--- START ---

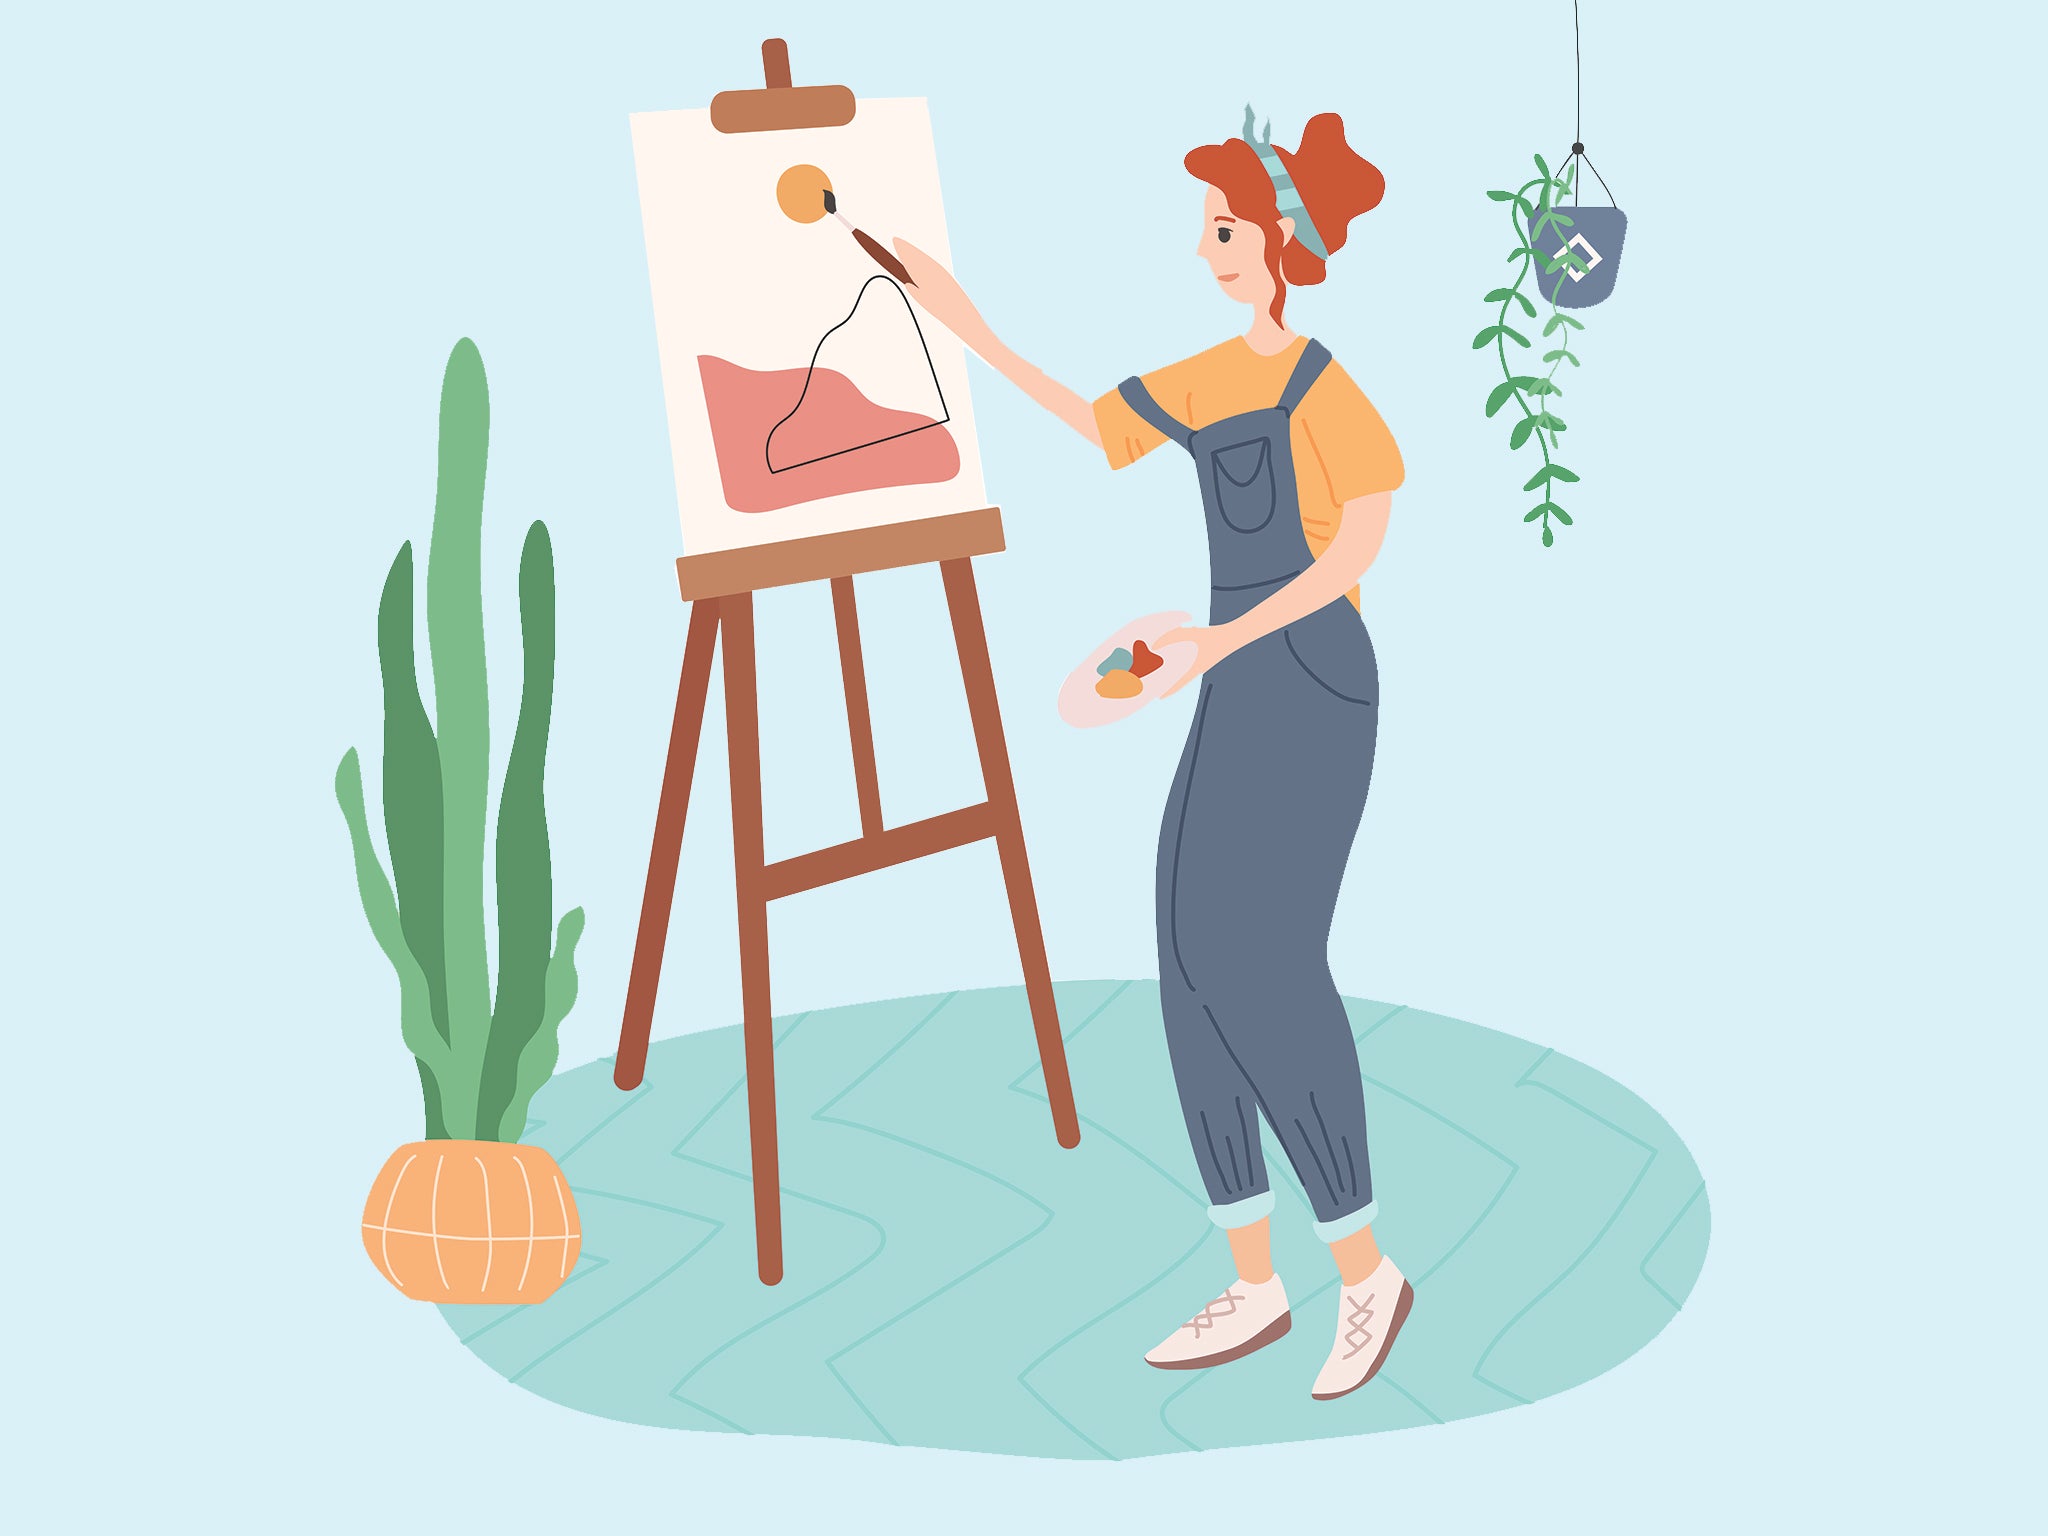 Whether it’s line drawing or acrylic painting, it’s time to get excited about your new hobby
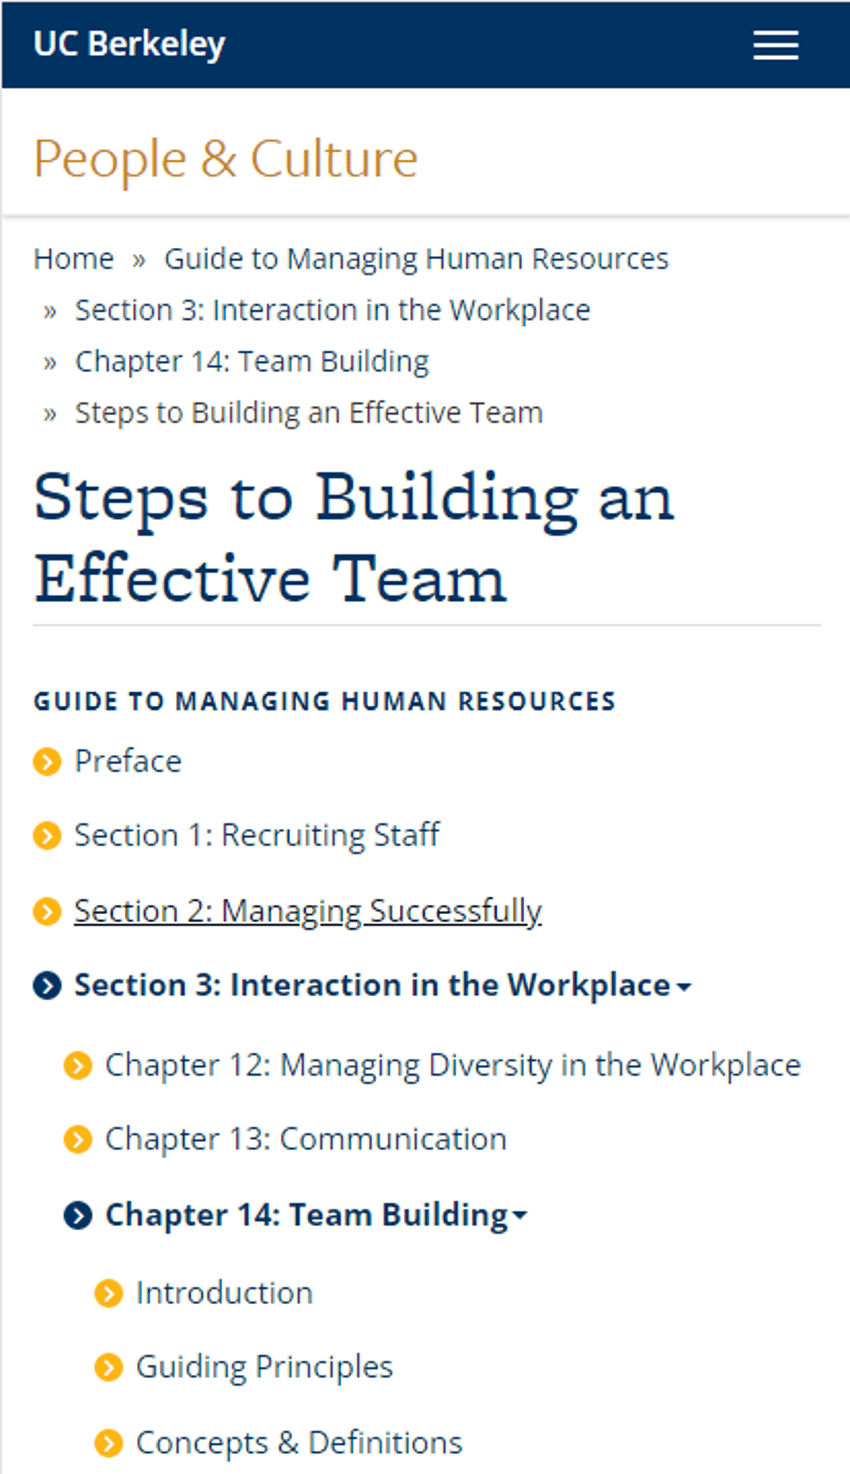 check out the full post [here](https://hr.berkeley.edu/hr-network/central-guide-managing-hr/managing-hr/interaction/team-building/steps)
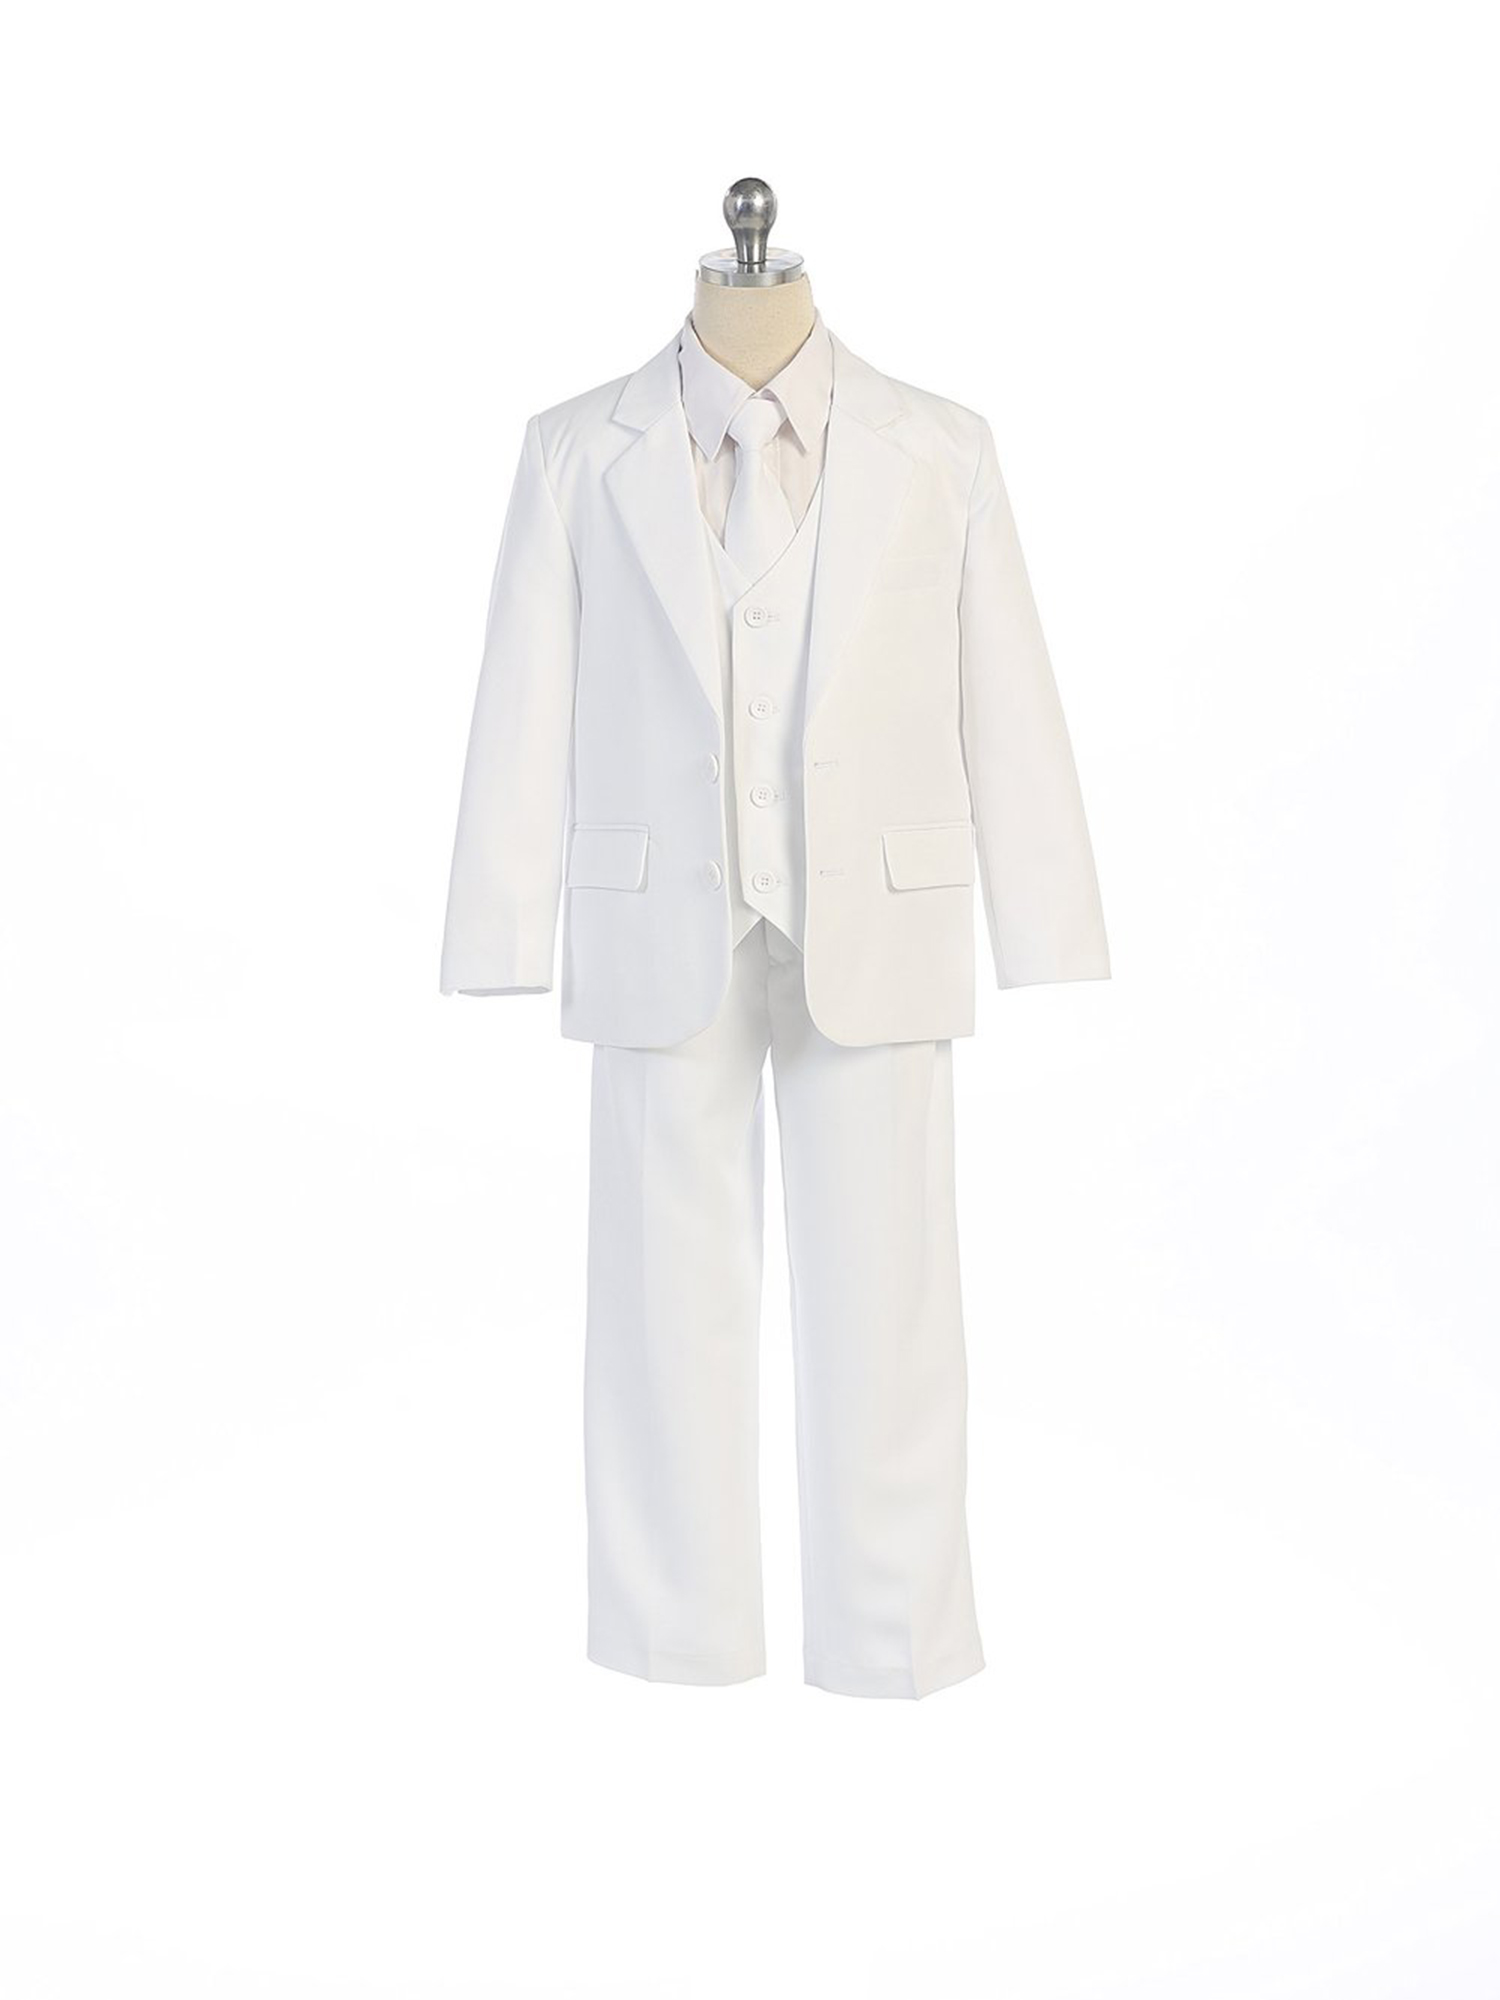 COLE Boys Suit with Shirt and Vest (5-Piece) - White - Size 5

--- END ---

■ WORK REQUIRED
The required output is each line above restated verbatim, with all images omitted.

■ PROBLEM SOLUTION
 Whether it’s line drawing or acrylic painting, it’s time to get excited about your new hobby
 check out the full post [here](https://hr.berkeley.edu/hr-network/central-guide-managing-hr/managing-hr/interaction/team-building/steps)
 COLE Boys Suit with Shirt and Vest (5-Piece) - White - Size 5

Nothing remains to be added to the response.